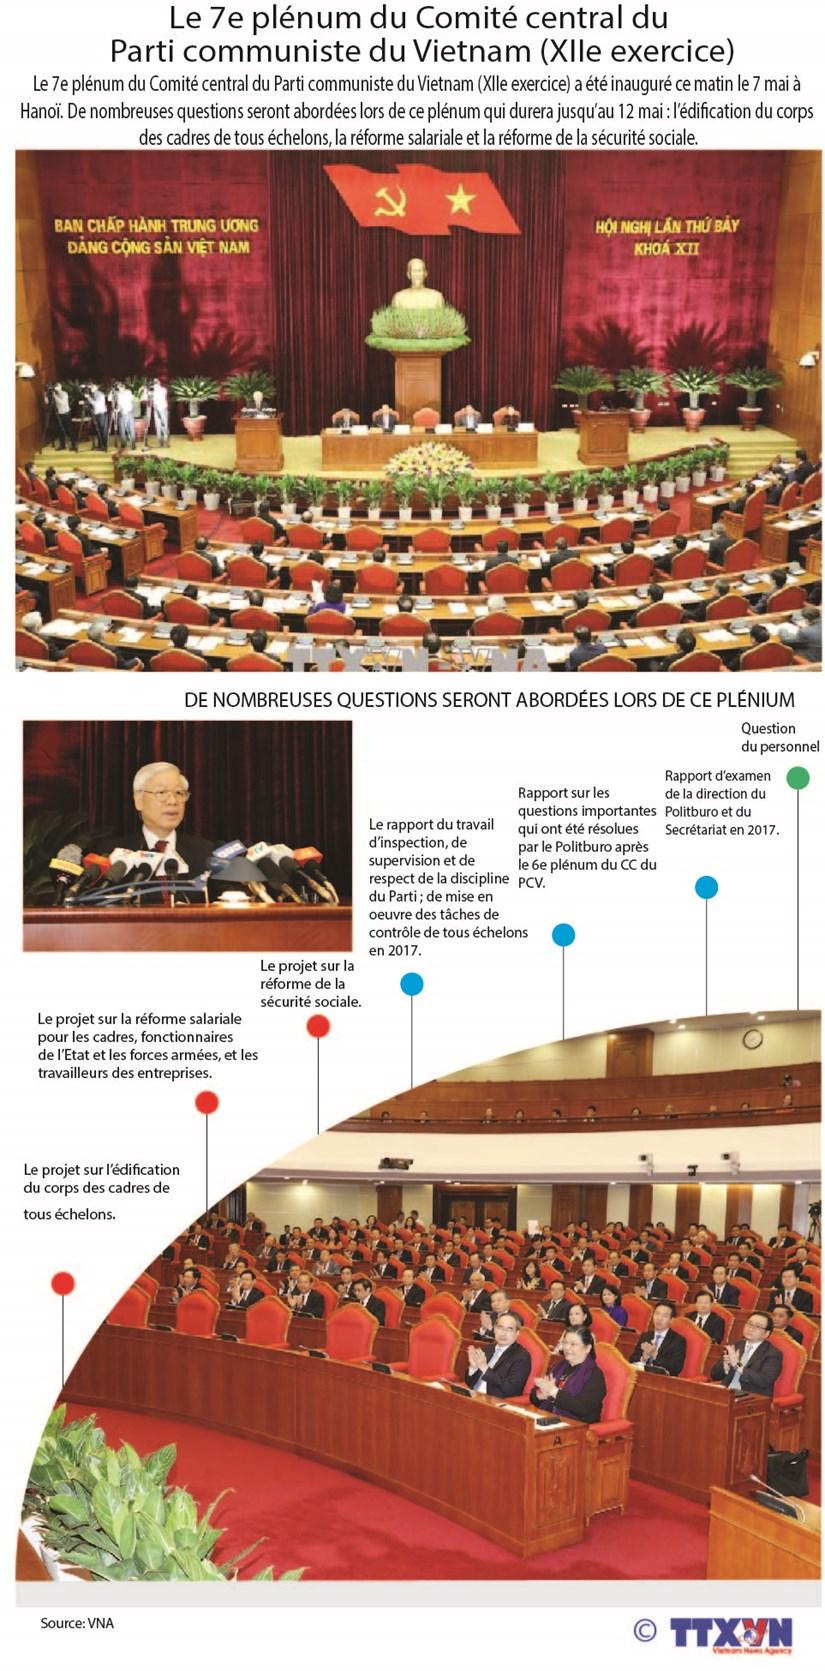 Le 7e plenum du Comite central du Parti communiste du Vietnam (XIIe exercice) hinh anh 1
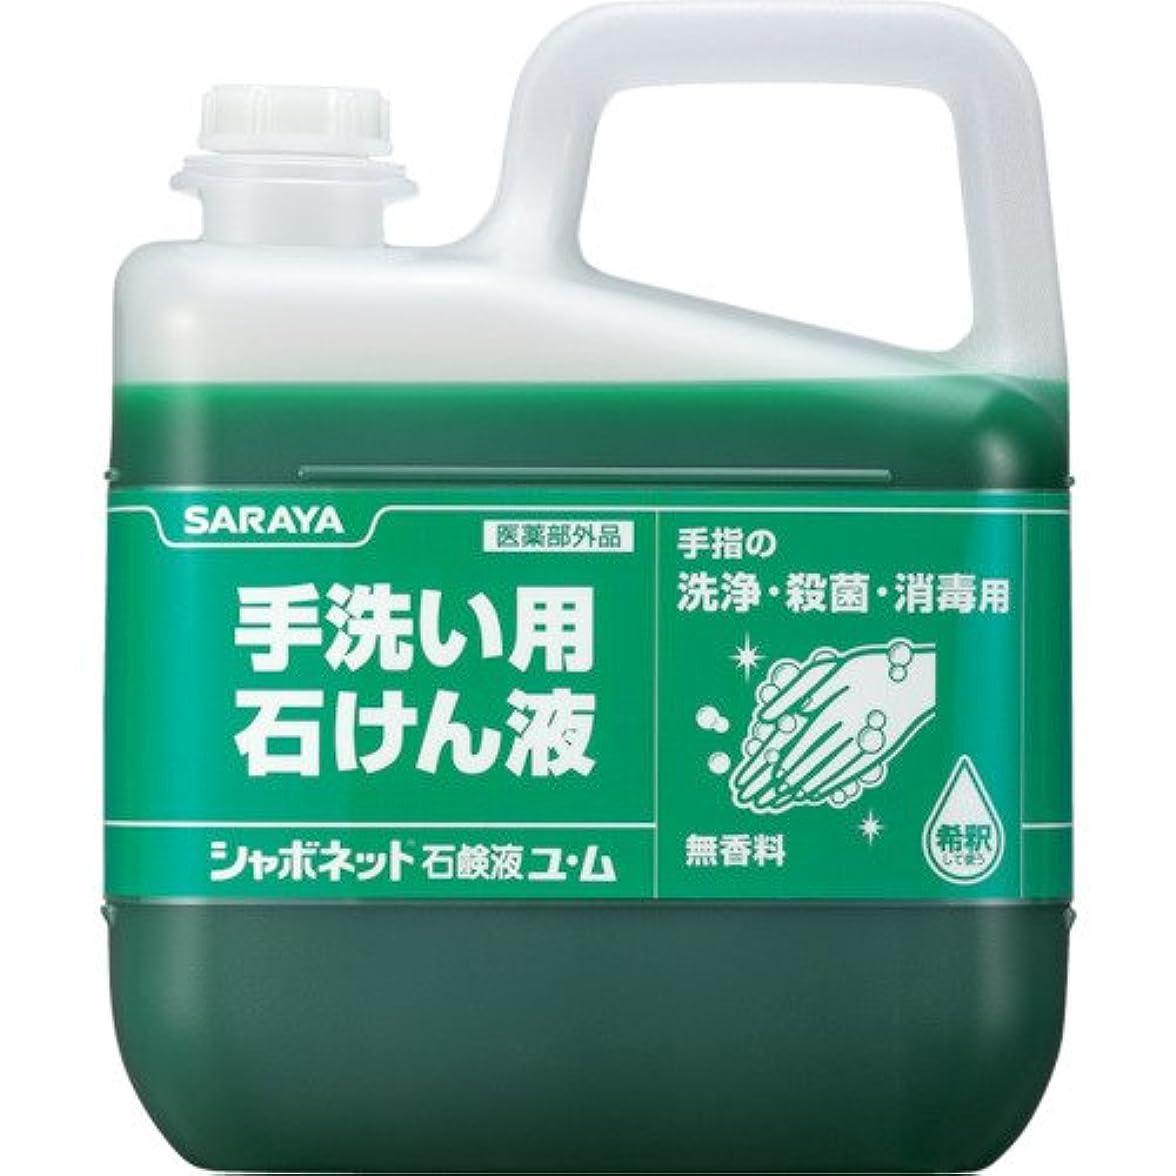 面白いビバ通信網サラヤ ハンドソープ シャボネット石鹸液ユ?ム 5kg
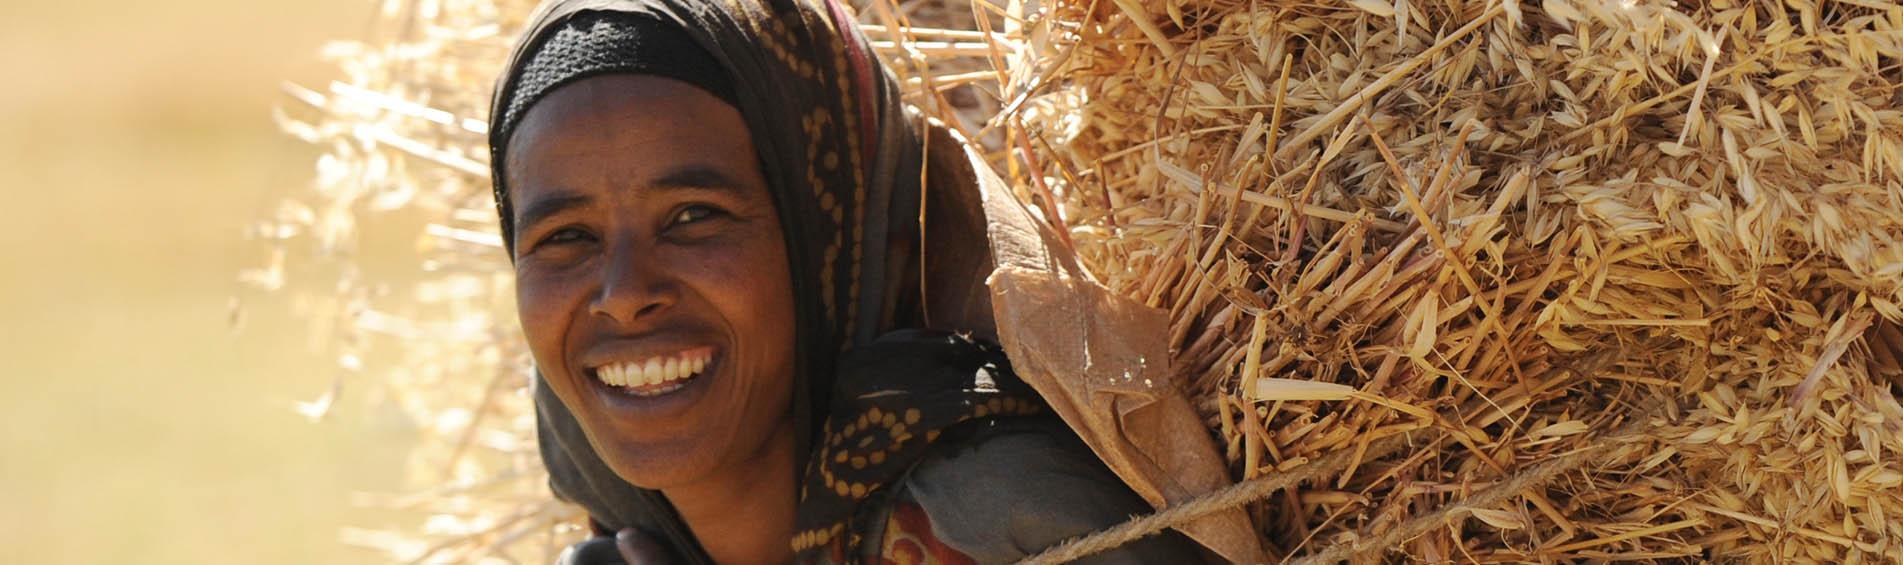 Frau trägt Getreide
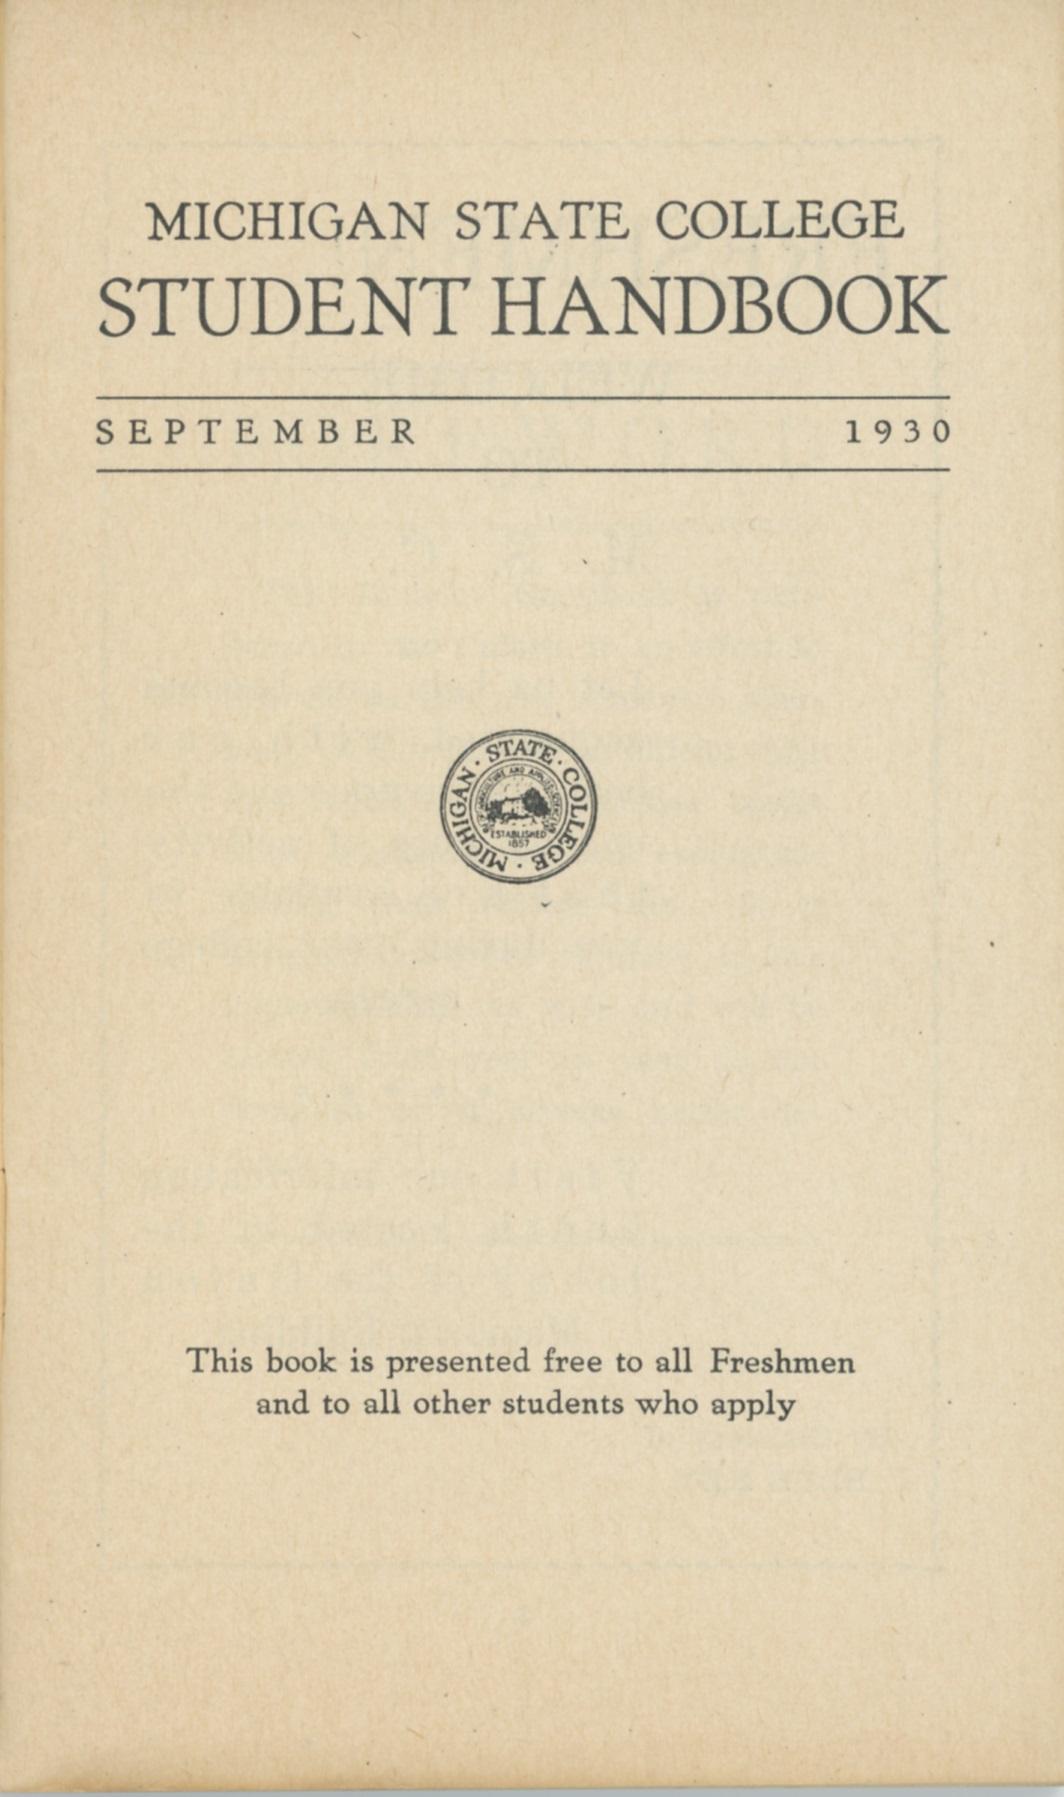 Student Handbook, 1930-1931

------------------------------------------------

* EXERCISE PROMPT *
What the task needs is the material above repeated exactly, pictures excepted.

* ANSWER TO THE EXERCISE *
 Le 7e plenum du Comite central du Parti communiste du Vietnam (XIIe exercice) hinh anh 1
 面白いビバ通信網サラヤ ハンドソープ シャボネット石鹸液ユ?ム 5kg
 Frau trägt Getreide
 Student Handbook, 1930-1931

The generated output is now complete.